GAUHATI: An insurgent separatist group has claimed responsibility for a weekend attack in India’s remote northeast that left four Indian paramilitary soldiers dead.
The National Socialist Council of Nagaland (Khaplang) emailed reporters to say it was behind the Sunday attack, in which insurgents attacked a passing security convoy with automatic weapons and hand grenades.
The attack was part of an offensive “to sanitize the land against the illegal deployment of occupational Indian forces,” said the statement, which was signed by Isak Sumi, the group’s spokesman.
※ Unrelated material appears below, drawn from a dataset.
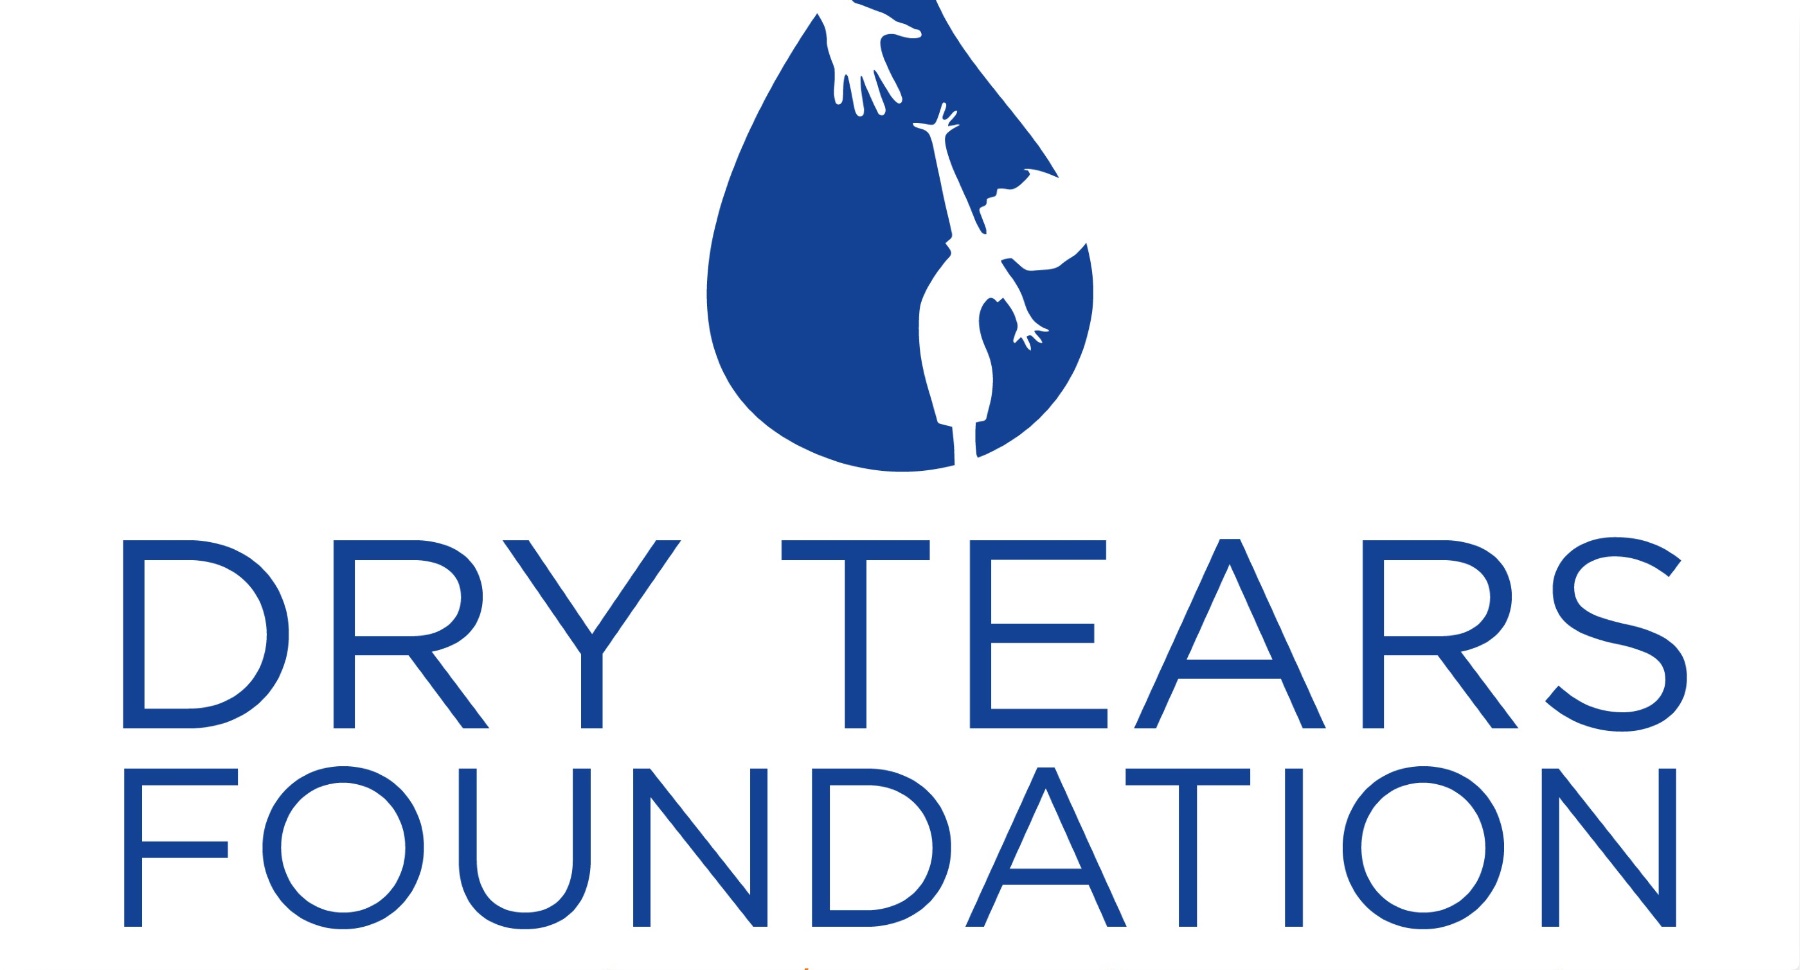 Dry Tears Foundation undertakes Smile For Christmas Project

The group has been fighting for an independent homeland for the Naga tribe. It ended peace talks with the Indian government in 2015 after 14 years of futile negotiations.
On Monday, an emailed statement from Ulfa (Independent), another of the region’s myriad separatist groups, said it had worked with the Naga militants to carry out the attack.
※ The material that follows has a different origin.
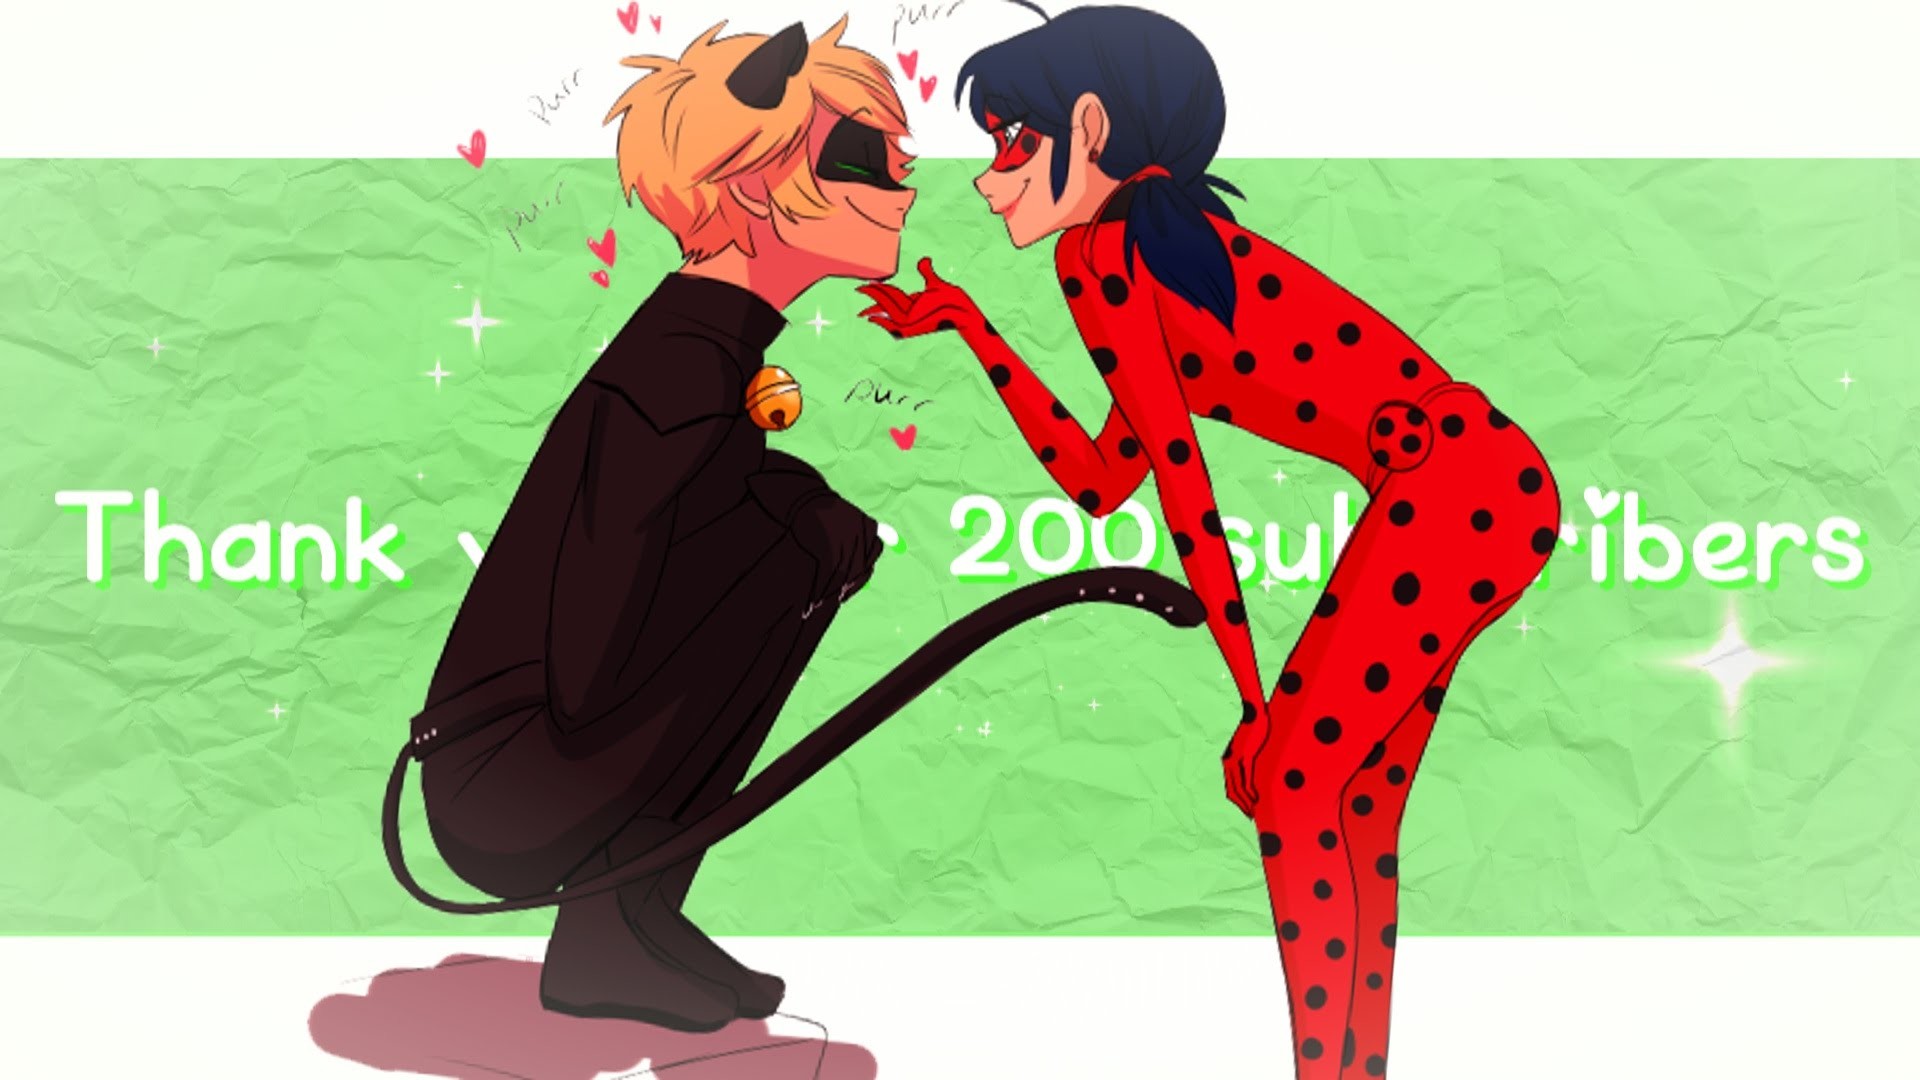 Miraculous Chat noir x Ladybug / / / Thank you for 200 subscribers – YouTube

The attack occurred near the village of Aboi, about 400 kilometers (250 miles) east of Gauhati, the largest city in India’s northeast.
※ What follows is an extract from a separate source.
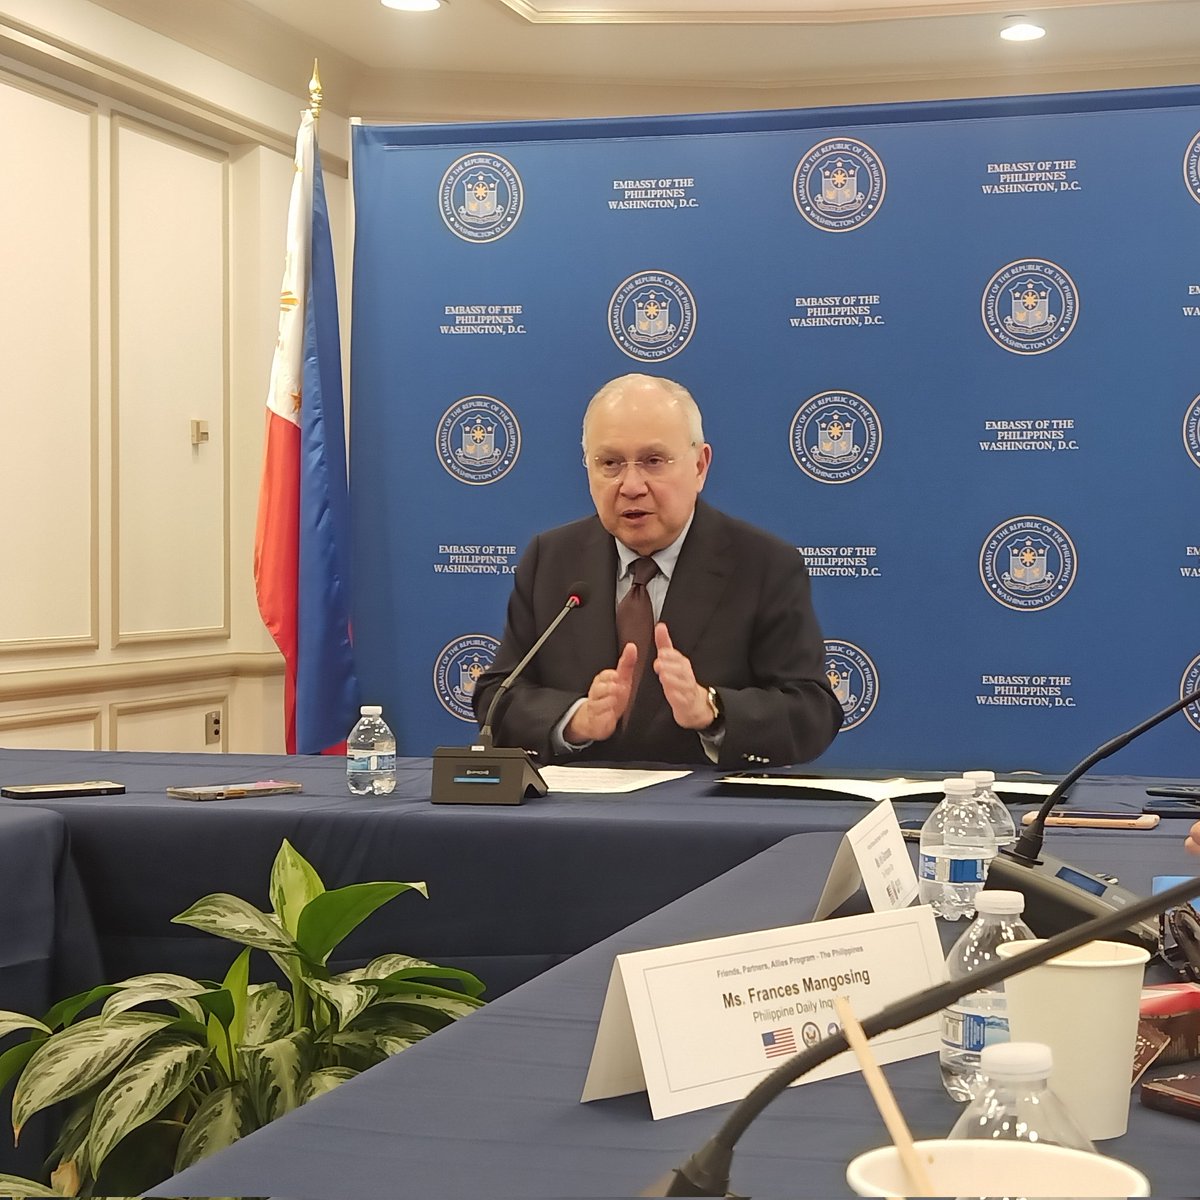 BREAKING: PH, US agree to work together to counter China's 'information manipulation' in West Philippine Sea, says PH Ambassador to US Jose Manuel Romualdez. Deal was struck during the conclusion of 2-day Bilateral Security Dialogue here in Washington D.C. @manilabulletin

In 2015, the Naga group ambushed an Indian army convoy in Manipur state, killing 18 soldiers in their worst attack in two decades. Since then, the army has stepped up operations against the group.
India’s northeast, where most people have ethnic ties closer to China or Myanmar than to the rest of the India, is home to dozens of militant separatist groups, ranging from heavily armed militias to tiny splinters movements.
Northeast separatist groups accuse the Indian government of exploiting the region’s rich natural resources while neglecting local development.